As the legal field embraces rapid technology innovation, a vigorous debate has emerged around what boundaries those technologies should abide by, especially as they relate to how humans and machines should interact in the ‘fact discovery’ process.

This debate’sprevailing themes, include focusing on affirming the efficacy of machine training methodologies, employing defensible technology validation processes, and understanding where human intervention in an AI-enabled workflow should end, and where AI-rendered results can be trusted.  These tenets generally frame the ‘machines versus humans’ debate that is now alive and well – and, some would suggest, far from being resolved – with interested and well-vested parties on both sides.  This debate is driving a vigorous academic search for two principles which we seek to address in our research: (i) understanding the ‘right’ balance between machines and humans; and (ii) understanding how to evaluate the roles of human inputs in impacting the quality of AI-rendered results. 

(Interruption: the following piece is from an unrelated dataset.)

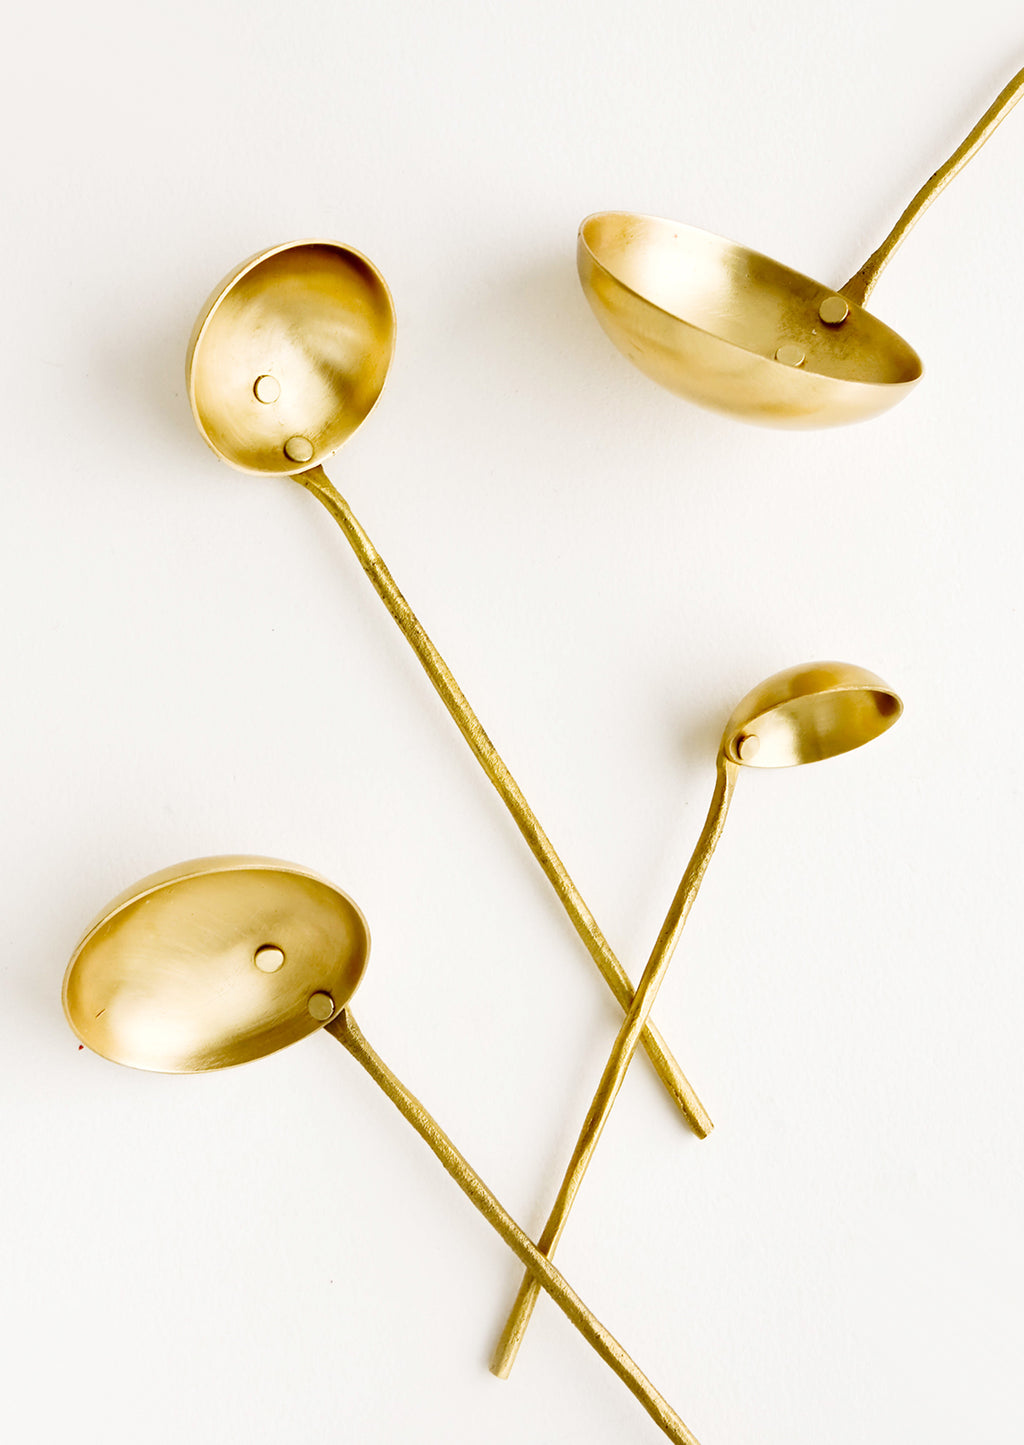 1: A set of four ladles in incremental sizes from extra small to large, crafted in solid brass with skinny handles

The first phase of our research explored what a fair and ‘right’ balance between machines and humans could be, in machine-learning scenarios, and we highlight that research first within this article.  Next, we describe our new study, which seeks to expand upon this debate to understand further the nuanced role of humans in guiding, testing, and applying results generated by machines, to outcomes, with particular focus on how those results impact legal case strategies.

I.              Technology Assisted Review in the Legal Services Domain

The wide embrace of a suite of machine learning tools, collectively called Technology Assisted Review or ‘TAR’, has been met with acclaim – but also enduring challenges – from judges, enforcement agency officials, as well as corporations and their legal counsel.

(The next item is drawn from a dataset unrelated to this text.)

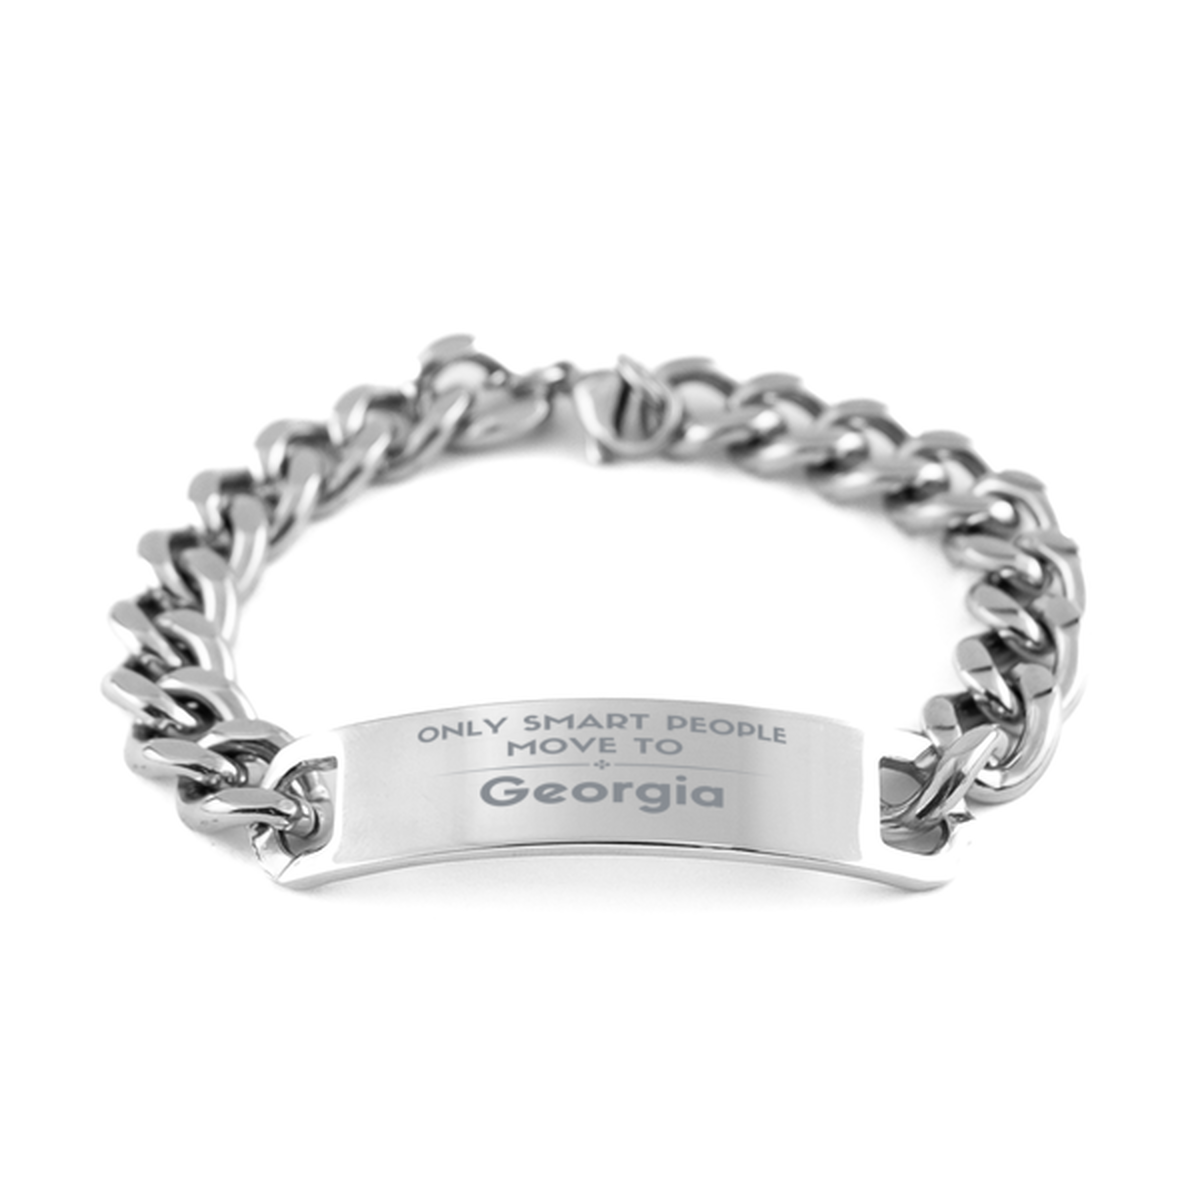 Only smart people move to Georgia Cuban Chain Stainless Steel Bracelet, Gag Gifts For Georgia, Move to Georgia Gifts for Friends Coworker Funny Saying Quote

On one hand, it is essentially undisputed by now that TAR has proven to help produce substantial value for its users.  This is especially true in the ‘fact discovery’ phases of legal matters, primarily because at minimum, TAR has proven to be very good at searching massive troves of data and identifying those documents that are most important and relevant to the legal matters at hand.  TAR has also proven to be quantifiably cheaper than the brute-force workflows of yesterday, especially when compared to the costs and timelines associated with the conventional, linear approaches that lawyers have historically used to find relevant documents in discovery.

Corporate clients and their counsel worked to shift the inertia beyond traditional approaches to data review, towards solutions that deployed technology.  The result of these efforts was a successful, disruptive challenge: to introduce the increasing use of technology assisted discovery that delivered legally-reliable outcomes.  Because TAR has worked so well at this point, TAR has essentially become the new ‘default setting’ in large-scale legal matters (as considered by adverse parties, enforcement agencies, and judges) and many believe that TAR is as good or better than a human attorney-based review efforts.  The widespread and growing adoption of TAR has fueled speculation that TAR will ultimately result in attorneys being largely supplanted and replaced by machines, to make judgment calls on what facts are ‘in’ or ‘out’ of discovery, in how those facts are treated as dispositive to the legal matter at hand.  

The controversy here, in simple terms, is that technology-rendered decisions will eventually overtake human decisions as having finality.  There is passionate worry among some that in AI-legal technology scenarios, humans will have initial input in shaping how documents are classified but at its logical extreme, the concern is that human judgment as to fact relevancy will be supplanted by the lone decisions that AI processes make in identifying relevant documents.  This worry is justified, as some US regulators are requiring that machine-rendered decisions dictate final decisions as to what any particular case’s relevant documents are, in preference to what lawyers would ultimately decide.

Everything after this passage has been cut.